If someone reads this and has actual experience doing it, please let me know how you do it.

Thanks.


----------



## chrisstef (Mar 3, 2010)

Id lay down a thin strip of plywood underneath the flattest prybar i could find. How did they fasten the strips to the terrazzo what kind of nails? Masonry i assume?I think a grinder is out. A multi tool like dremel or multimaster will work but take forever. What about splitting the strips, leave the nails, and using a metal cutting blade on a toe kick saw.


----------



## RussellAP (Feb 21, 2012)

Split the wood, use a dremmel multimax 40 with a hacksaw blade. Make some coffee first.


----------



## Karson (May 9, 2006)

I would use a muffler tool that is used to cut bolts when taking off mufflers. It's an air tool. I would cut the heads of the nails on the strip and then pry up the strips.

Then cut the nails off flush to the surface.

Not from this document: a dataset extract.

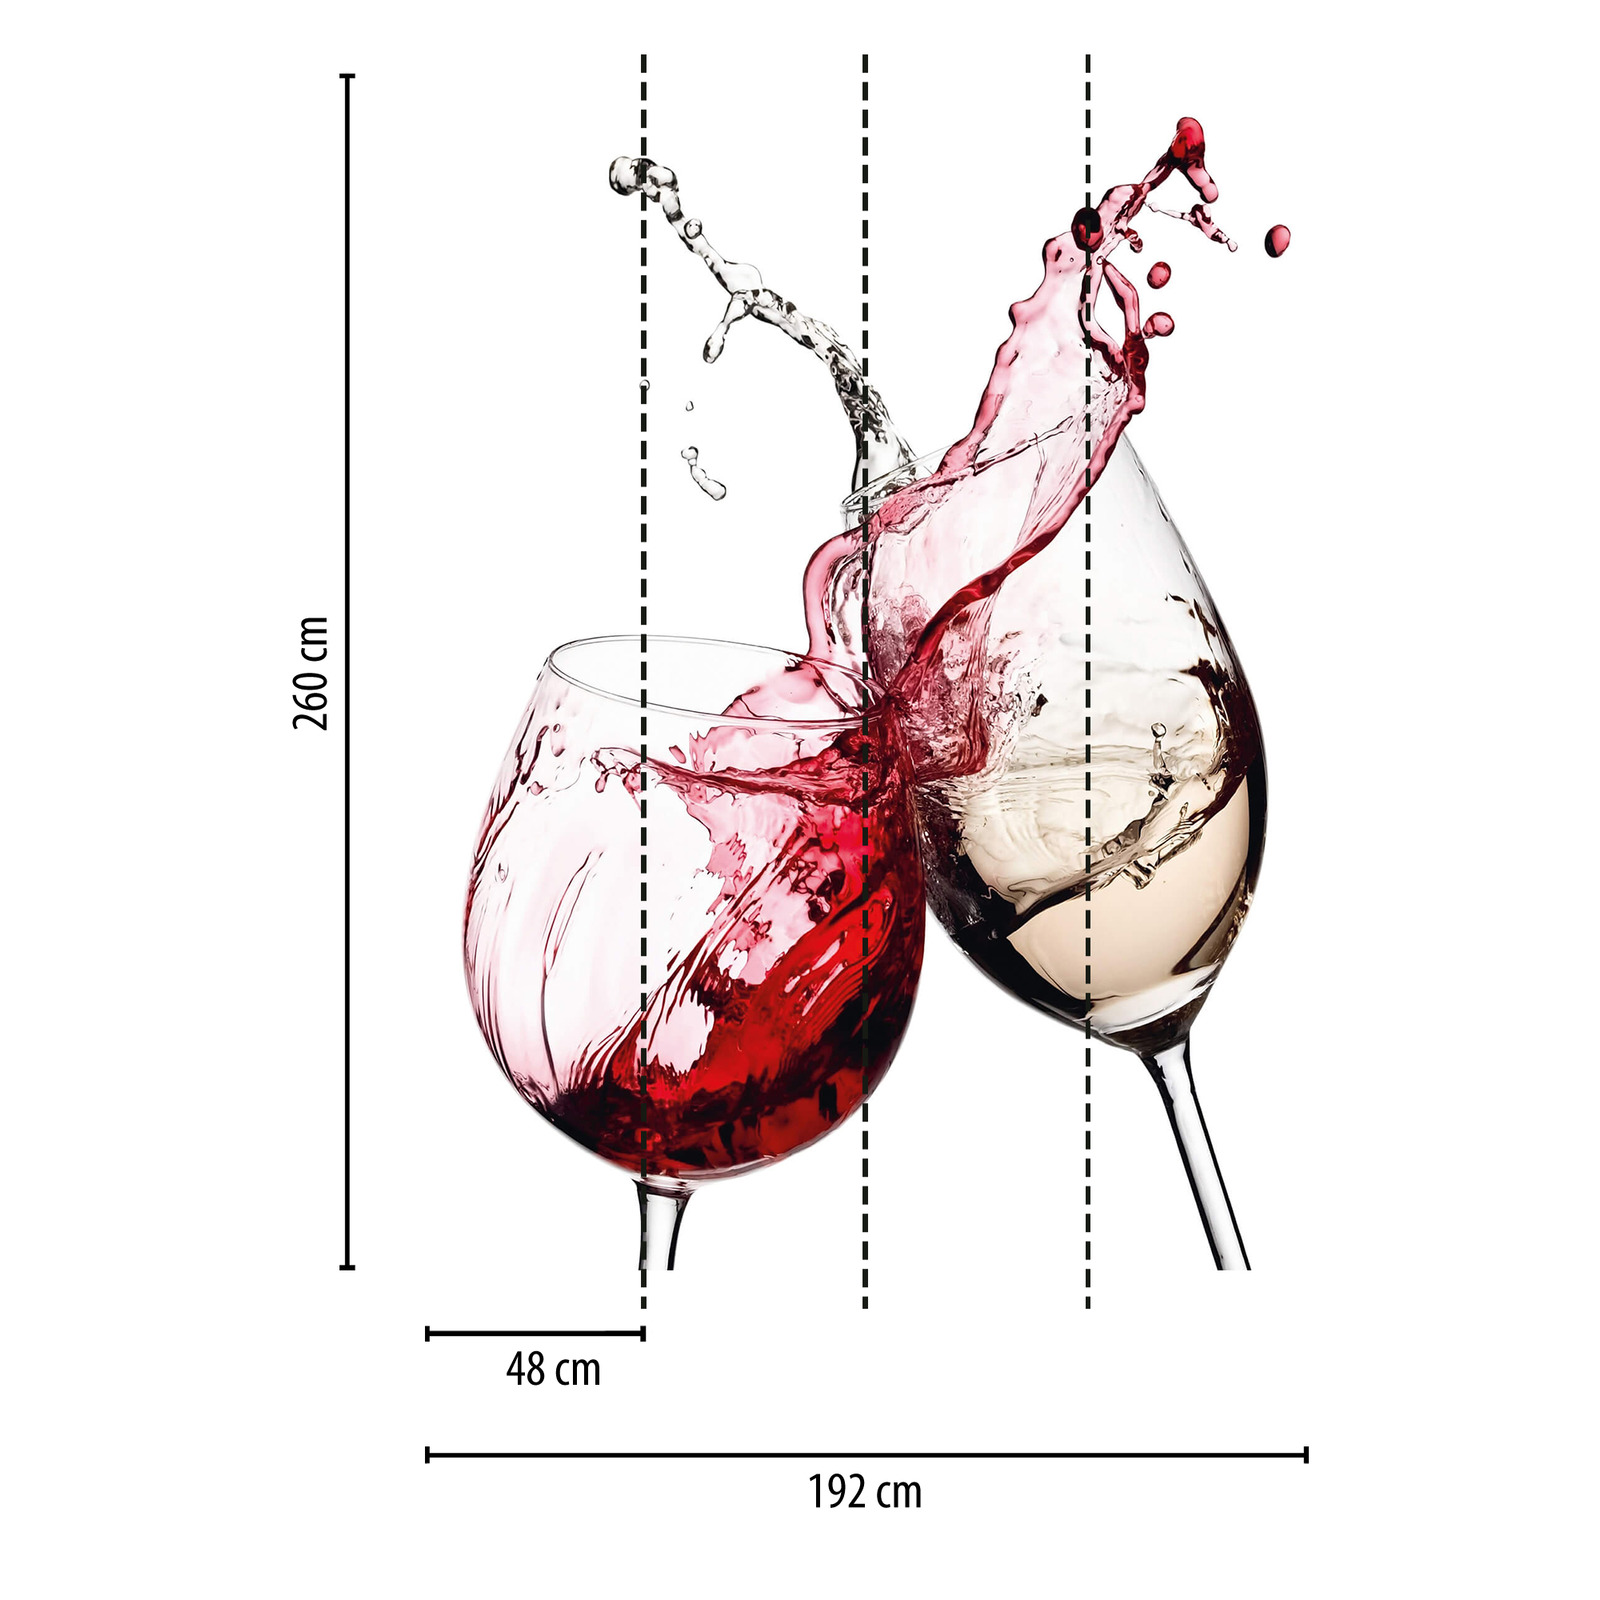             Papel pintado de vino Copas de vino blanco y rojo
        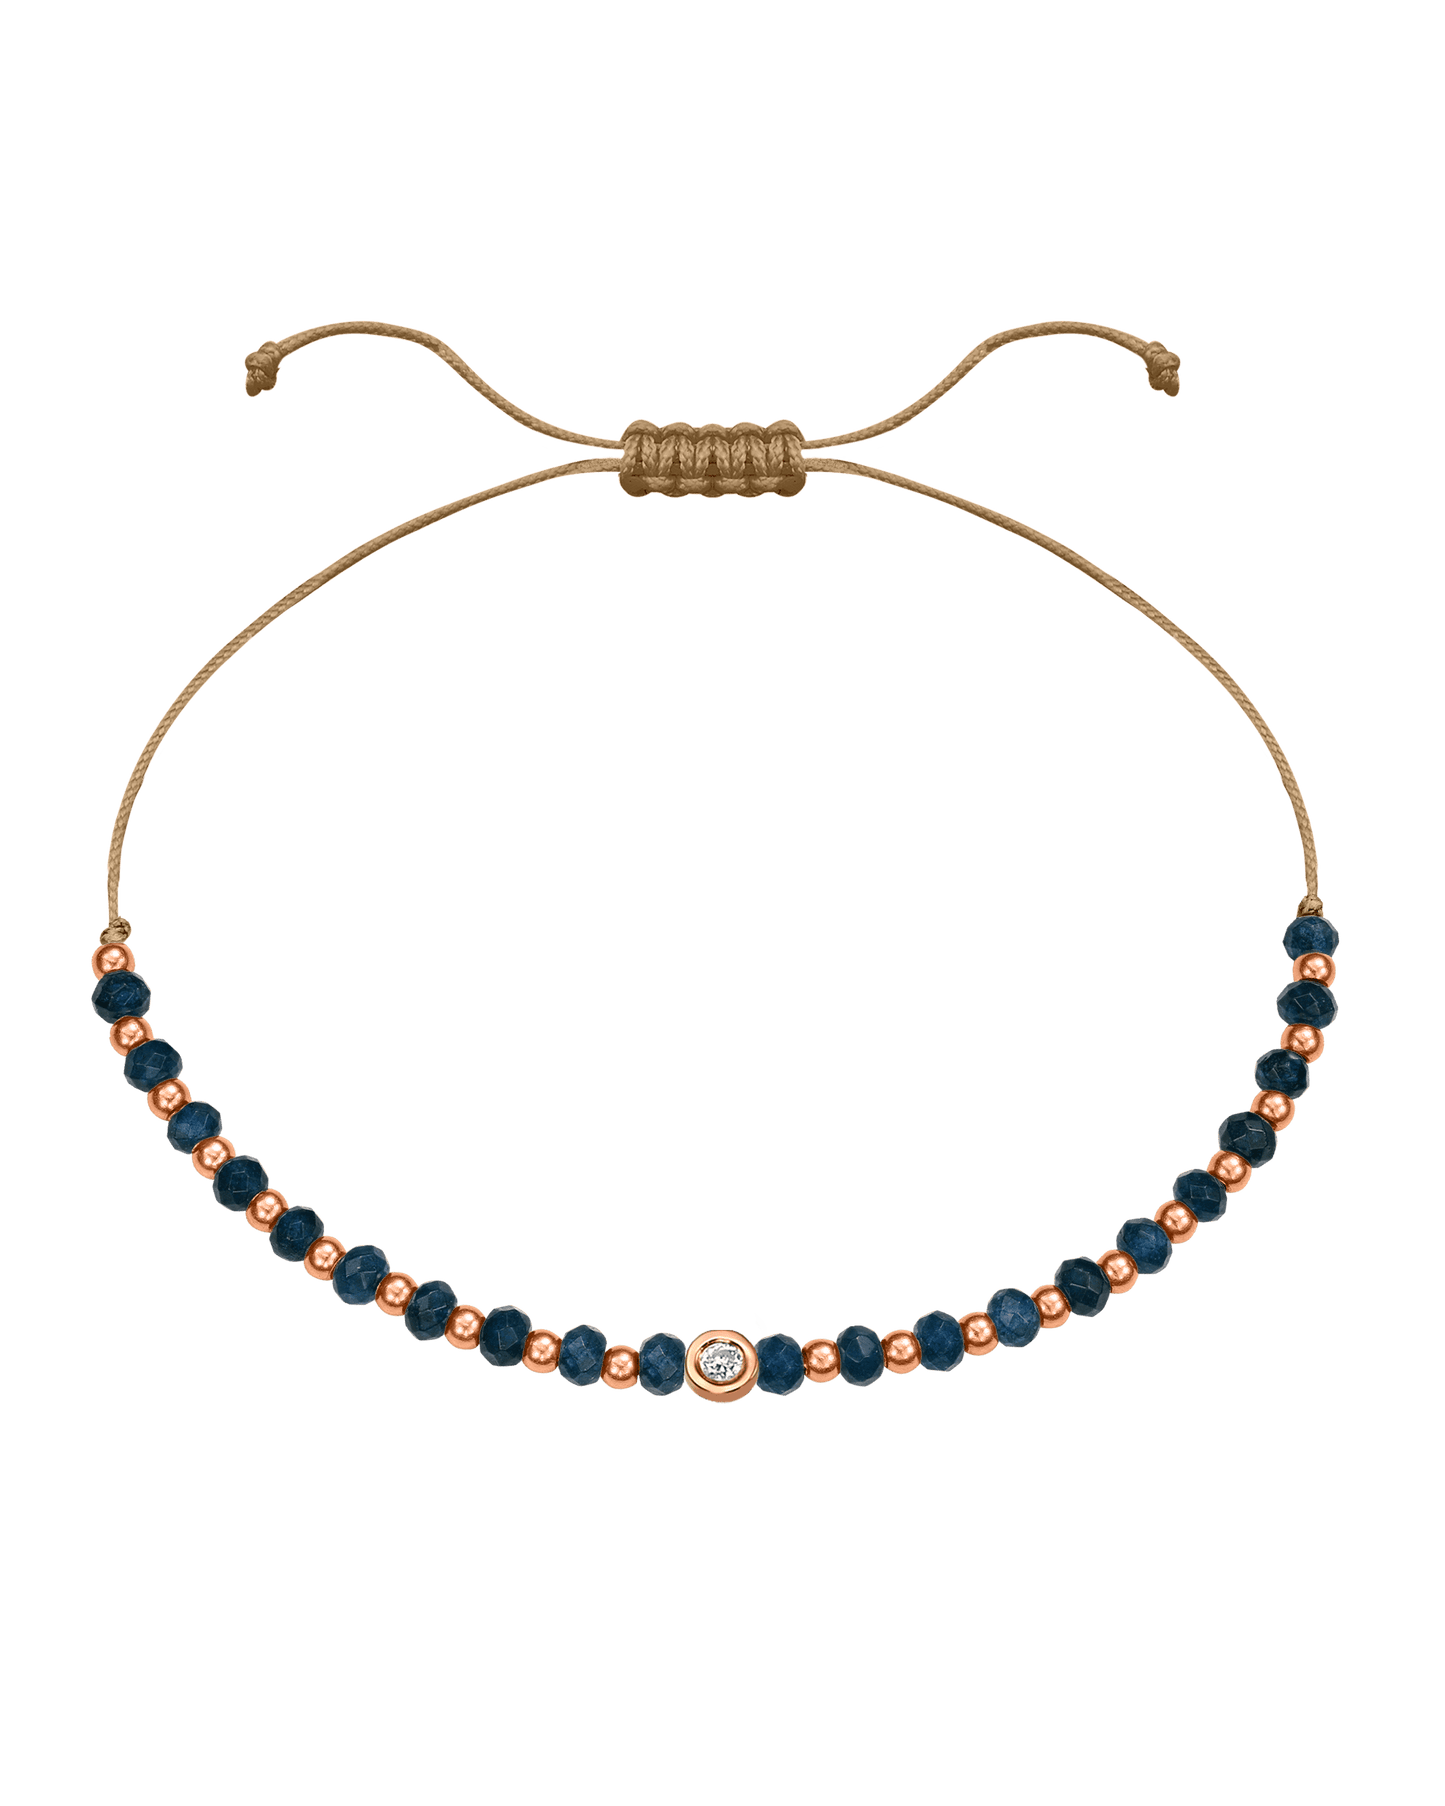 Lapis Gemstone String of Love Bracelet for Wisdom - 14K Rose Gold Bracelets 14K Solid Gold Camel Small: 0.03ct

An electric grinder might also work but a little slower.


----------



## GaryC (Dec 31, 2008)

Just did it in one of the bedrooms. I used one of those "Multi" tools. Mine is a dremel. Slides under the strip and cuts the nail. HOWEVER….it leaves scratches on the concrete. Probably would follow Karson's advice if it 's terrazzo


----------



## chrisstef (Mar 3, 2010)

If theyre just scratches the terazzo should buff out. In my experience terrazzo is pretty tough on diamond blades but a grinder will do some damage even with a metal cut off blade.


----------



## BruceCM (Apr 3, 2012)

I take it these are concrete nails? If so, they are very hard and would probably be very difficult to cut off.

Yes, pulling them with any kind of bar or hammer claw would likely make a nice big crater

I think what I'd try is to split the wood of the tack strip with an old chisel, then gently tap the protruding nail back and forth (easy does it), then as previously suggested, grab with vice grips and pull straight up. If done right, it should come out and leave a small hole that you sshould be able to patch with some fine sand mortar, like a grout or thinset.

BruceM


----------